Friday, February 27, 2015

What to Wear for Winter Day Hikes in Wisconsin

Winter day hikes allow us to enjoy beauty and solitude. Quiet stillness, snow on the pines, and pristine blankets of snow surround us. There is no slogging through mud, there are no ticks or mosquitoes! But it's cold if we don't dress warm enough for conditions. If we overdress, our sweat will lead to extreme cold when we stop hiking.

Everyone has a different level of comfort when it comes to dressing for winter hiking. With layers, we can layer up and peel down to adjust to conditions and prevent sweat from building up too quickly. What do I wear?

When the temperature is above 10°F (-12.2°C) and in the absence of piercing winds, I wear polyester long underwear with Polartec® fleece pants and jacket, fleece gloves, and a hat. I carry nylon rain gear as a wind shield and waterproof barrier should the weather require it. I also wear a lightweight blaze orange vest during hunting season or when the hike requires time on country roads. Although this ensemble is comfortable for hiking, it is not appropriate for camping or sedentary activities. I do also carry an emergency blanket and other emergency supplies I hope never to need to use.

Long underwear, fleece jacket, pants and gloves, gaiters, trail runners, and blaze orange.

Below 10°F (-12.2°C) or when the winds are piercing, I wear my L.L. Bean waterproof parka with polyester long underwear, Polartec® fleece pants, and insulated mittens with a waterproof shell. I only wear the parka when I must, and when I start sweating I open the zipper to vent the parka and/or slow down. I do not recommend hiking in blizzards, and I do not recommend hiking when it's cold enough for frostbite with the windchill.


For footwear I mate gaiters with waterproof Salomon XA Comp 7 Trail Runners and a pair of Thorlo® or SmartWool® hiking socks. On winter hikes I also use Kahtoola Microspikes when hard-packed ice and snow is present. The microspikes stretch over my hiking shoes. For deep snow, snowshoes would be recommended. We haven't had more than 5 inches (12.7 cm) of snow on the ground at one time so far this winter (2014-2015). I've done fine with just waterproof trail running shoes, gaiters, and trekking poles.

Gaiters with waterproof trail runners.

Kahtoola Microspikes

Since we're talking cold weather, here are a few other things I do. When it's cold, my camera battery no longer works well. Keeping the camera inside my jacket keeps it dry and warm enough to perform.
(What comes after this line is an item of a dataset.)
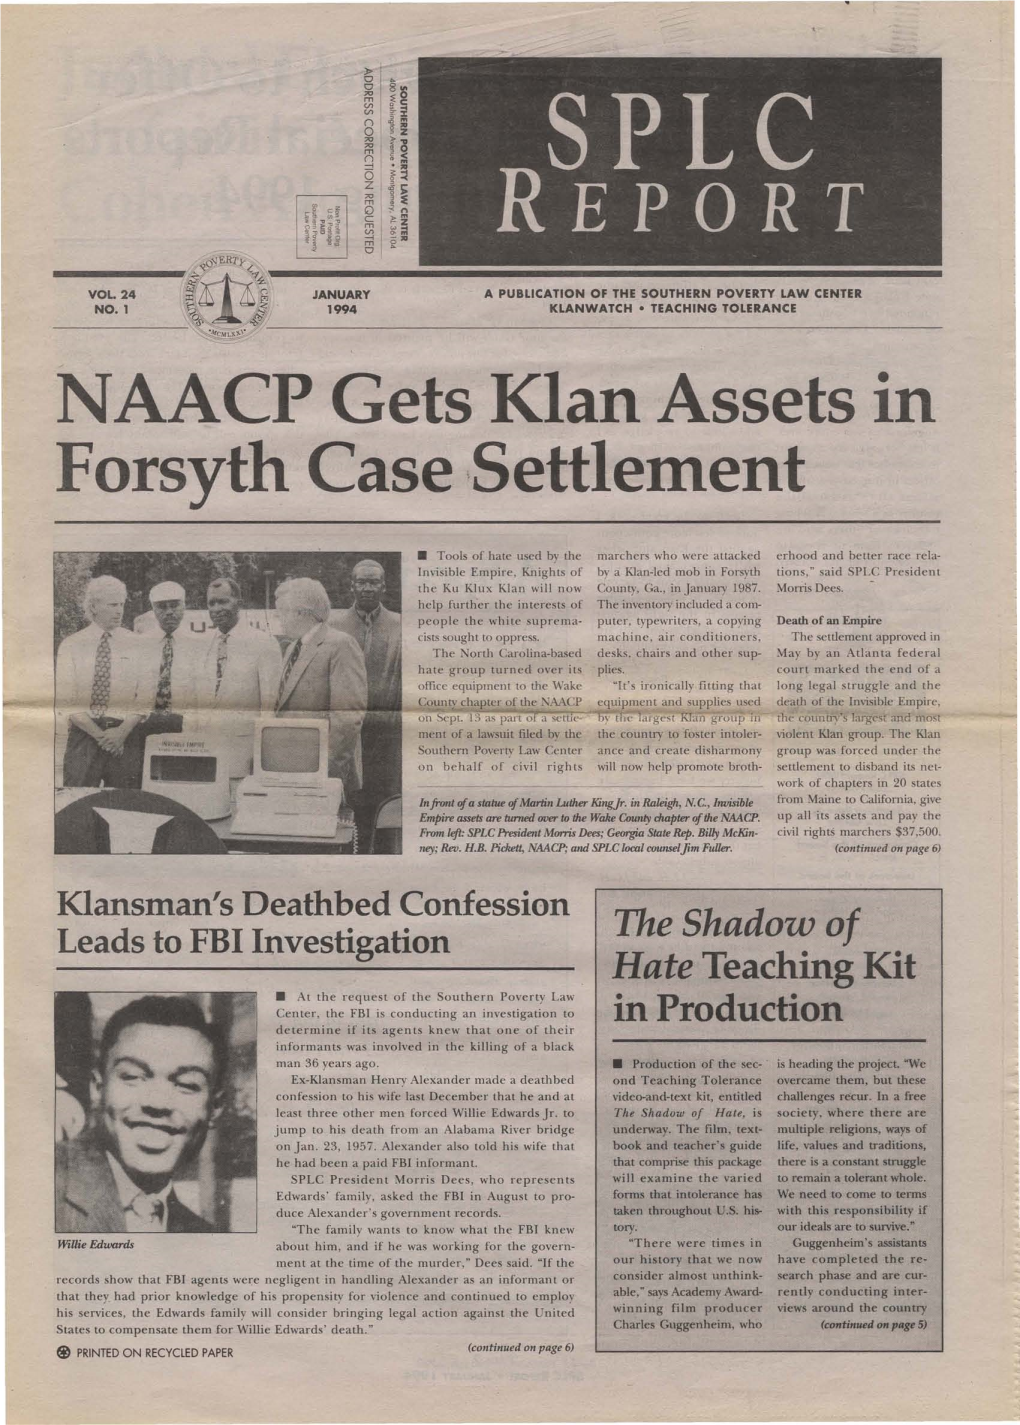 NAACP Gets Klan Assets in Forsyth Case ,Settlelllent
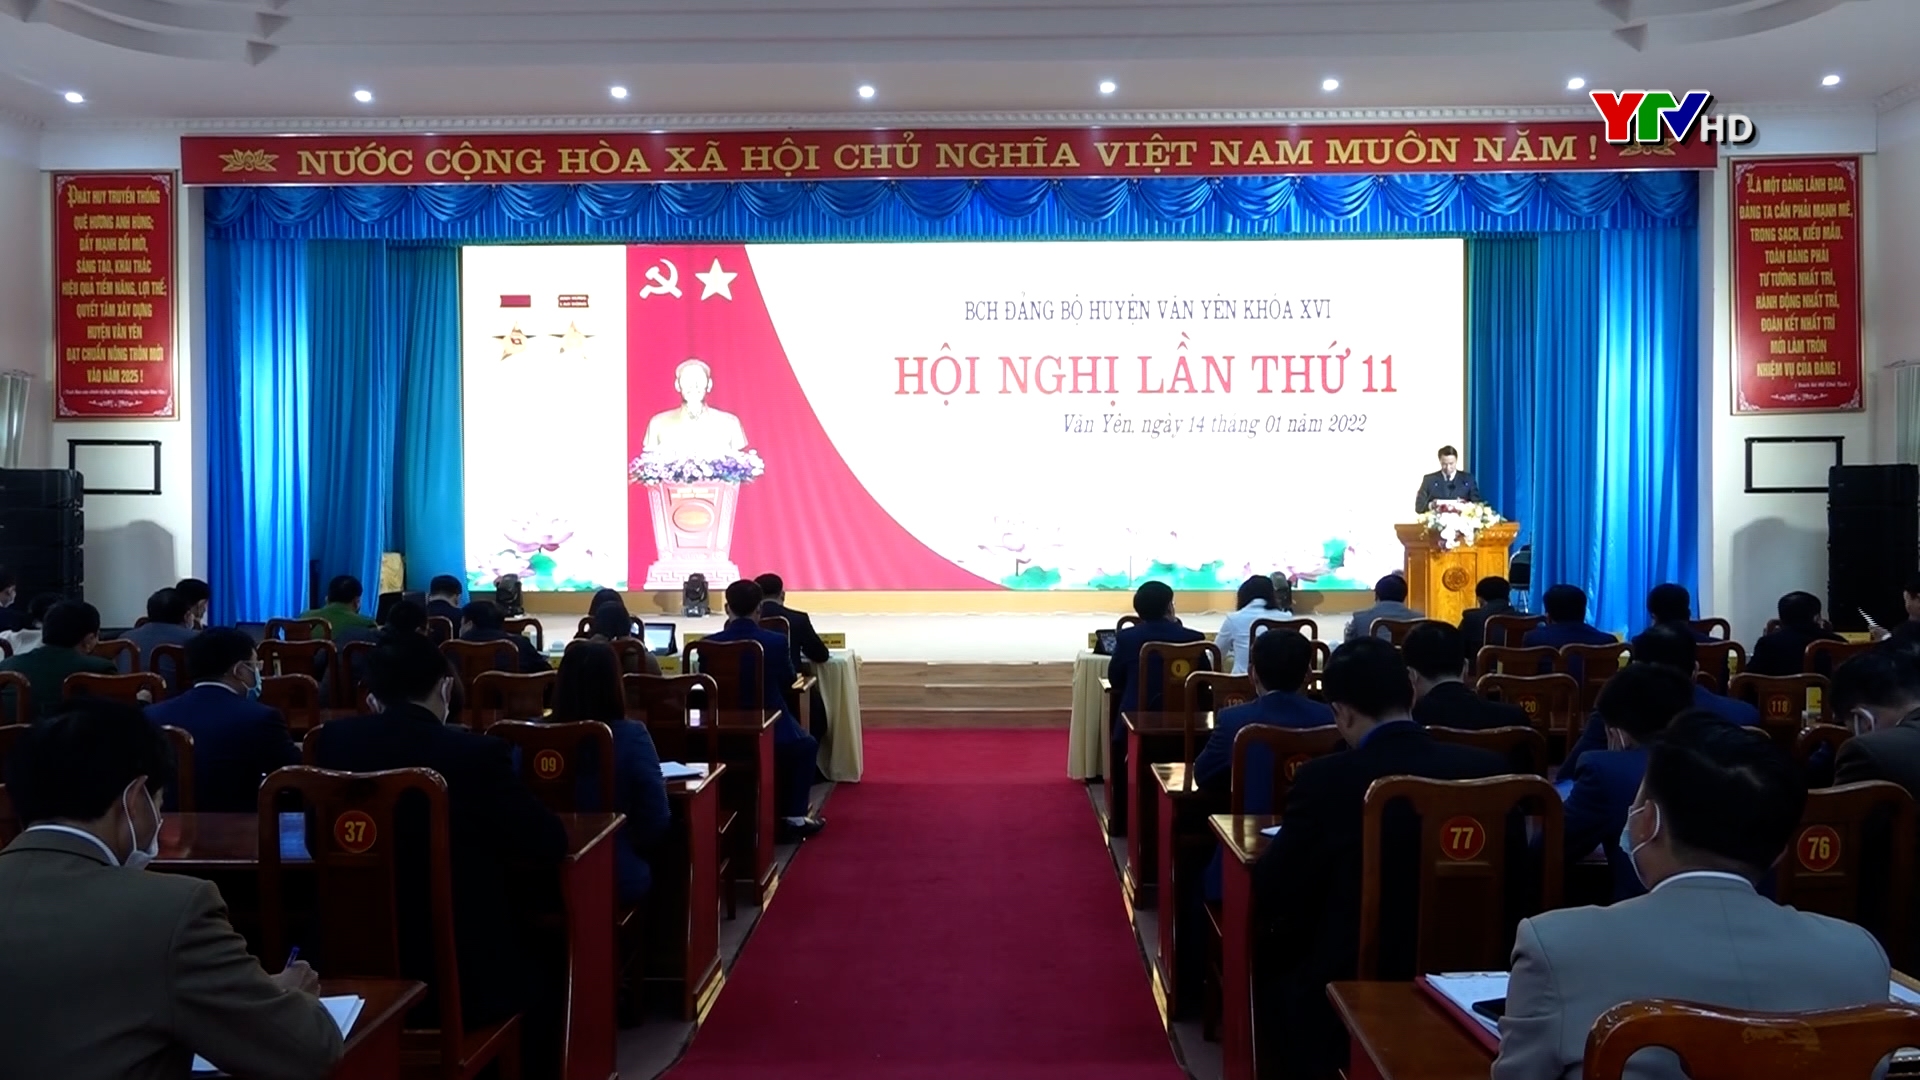 Hội nghị lần thứ 11 - Ban Chấp hành Đảng bộ huyện Văn Yên

I do not keep it in an airtight bag or in a sweaty pocket, or condensation will form on the lenses. When it's cold enough for the tube on my camel back to freeze up I tuck it into my jacket to keep it warm. To preserve the battery in my phone (needed for running my GPS app) I keep it warm by storing it in my pants pocket.

I wear clothing that can be easily vented to allow the moisture from sweat to escape while keeping me warm. Double zippers that open from both the top and bottom as well as arm pit zips are excellent for this. Cotton is not appropriate for winter hiking. Once it becomes wet with sweat it becomes cold and stays cold.

Fleece gloves aren't warm enough when it's too cold. When it's bitterly cold a good warm pair of mittens is more effective. If it's cold enough with the windchill for frostbite to set in, or the weather forecast is dicey, my rule is no hiking. If you Google "frostbite temperature scale images" you will find many handy charts showing temperature/windchill versus the amount of time it takes for frostbite to occur.

Trudging through the snow requires extra effort. I consider this when planning hiking distances and times. I also find trekking poles are a great help with trudging through snow and hiking winter hills.

As always, I take appropriate safety measures. I always let someone know my plans, dress warm enough for conditions, and carry emergency provisions. I do not recommend hiking during dangerous weather conditions or when the windchill presents a frostbite risk. I recommend testing out your hiking ensemble in safe settings in which you can quickly return to your home or car should your clothing prove unsuitable for conditions.